Bank of England postpones bond sales, launches temporary buying programme


LONDON – The Bank of England will suspend the planned start of its gilt sale next week and begin temporarily buying long-dated bonds to calm market chaos triggered by the new government’s so-called “mini-budget.”
UK gilt yields were on course for their sharpest monthly rise since at least 1957 as investors fled UK fixed income markets following the new fiscal policy announcements. The measures included large parts of unfunded tax cuts that have attracted global criticism, including from the IMF.
In a statement on Wednesday, the central bank said it was monitoring the “significant repricing” of UK and global assets in recent days, which has hit long-standing UK sovereign debt particularly hard.
“If the dysfunction in this market were to continue or worsen, there would be a significant risk to the UK’s financial stability. This would lead to an unwarranted tightening of funding conditions and a reduction in the flow of credit to the real economy,” Bank of England. so.

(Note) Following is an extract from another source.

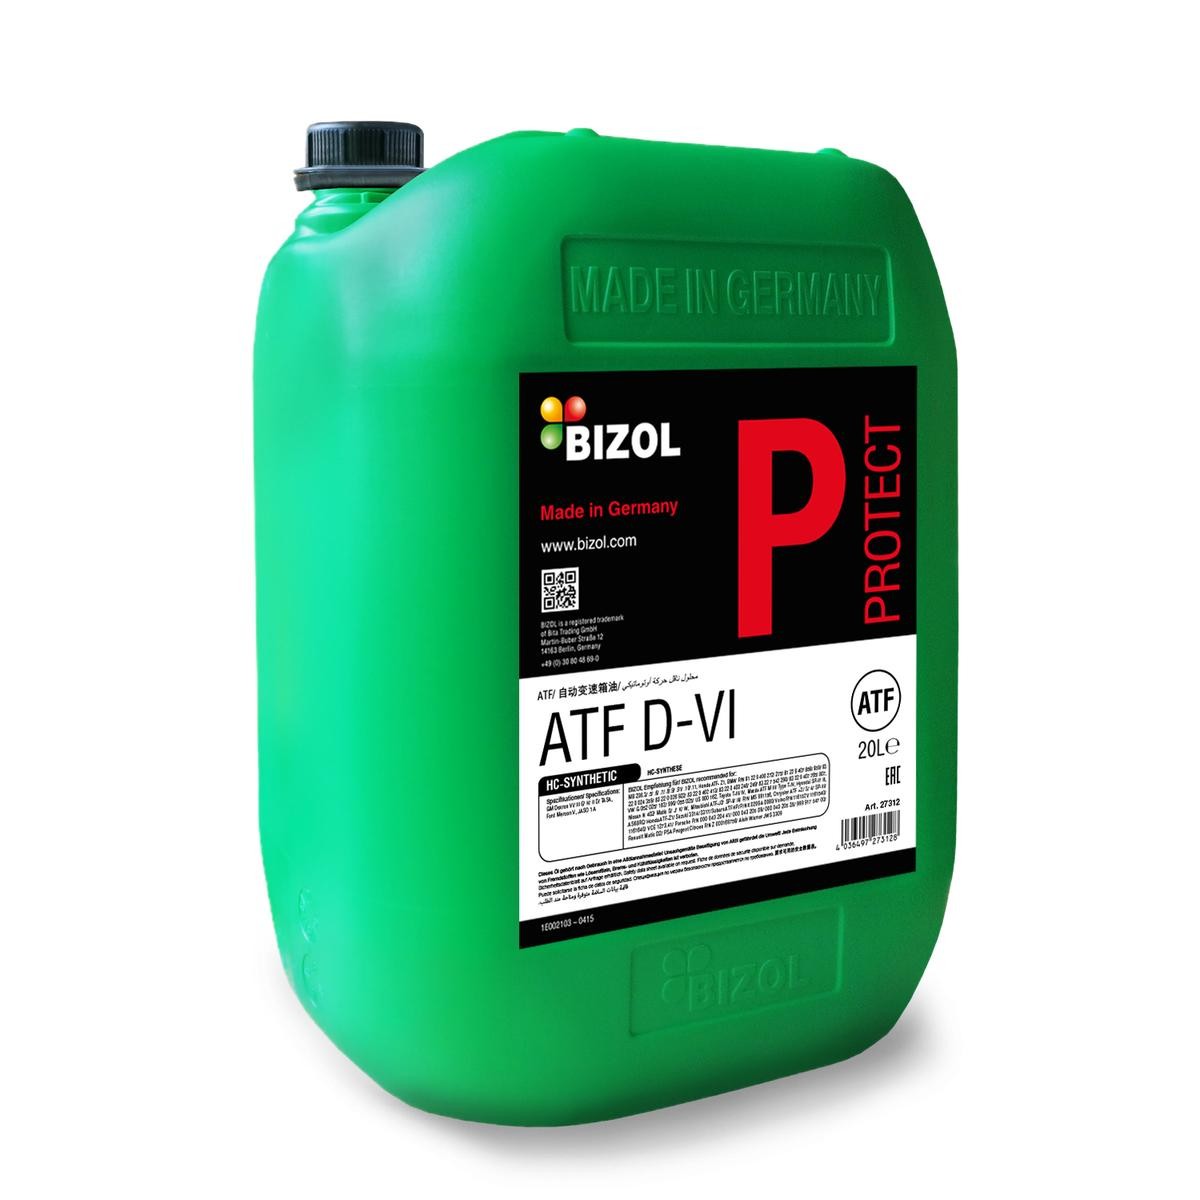 BIZOL Protect, ATF D-VI 27312 Olio cambio automatico (ATF)

“In line with the objective of financial stability, the Bank of England is ready to restore market functioning and reduce the risk of contagion to credit conditions for UK households and businesses.”
Starting Wednesday, the bank will begin temporary purchases of long-dated British government bonds to “restore orderly market conditions,” saying these will be carried out “on the scale necessary” to calm markets.

The bank’s fiscal policy committee acknowledged on Wednesday that the dysfunction in the gilt market posed a significant risk to the country’s financial stability, and chose to take measures immediately.
The Monetary Policy Committee’s target of an 80 billion pound ($85 billion) annual reduction of its gilt holdings remains unchanged, the bank said, with the first sale of gilt – originally scheduled for Monday – now taking place on October 31.
A UK Treasury spokesperson confirmed the operation had been “fully indemnified” by the Chancellor of the Exchequer and said Chancellor Kwasi Kwarteng is “committed to the independence of the Bank of England.”
“The government will continue to work closely with the bank to support its financial stability and inflation targets,” the spokesperson added.
The bank said it will publish a market announcement detailing the operational details of the program “shortly.”
Yields on UK 30-year gilts and 10-year gilts fell by more than 30 basis points after the announcement.
“Caught in the Crossfire”
Antoine Bouvet, senior fixed income strategist at ING, said the Bank of England may need to extend its bond purchases beyond the first two-week period if volatility in the gilt market continues and that a further rate hike was not off the table.
Bouvet told CNBC immediately after the announcement that the bank’s first priority for the time being had to be the functioning of the gilt market, suggesting that the worst outcome would be for the sovereign to be left without market access and unable to secure funding.
“Obviously the gilt market was caught in a crossfire between the Bank of England and the Treasury, and that’s not exactly the case, but it looked a lot like they were competing, or working at cross purposes,” Bouvet said.
“So you have a world where you have a recession and the BOE is trying to cool the economy with hikes, and on the other hand you have the Treasury trying to shield the economy from that recession and implementing fiscal measures that are pro-inflationary.”
He added that the Treasury’s statement of support was important, noting that the government would be keen to avoid the impression that the gilts market is in “so much trouble” that it had forced the Bank of England to step in to save the economy.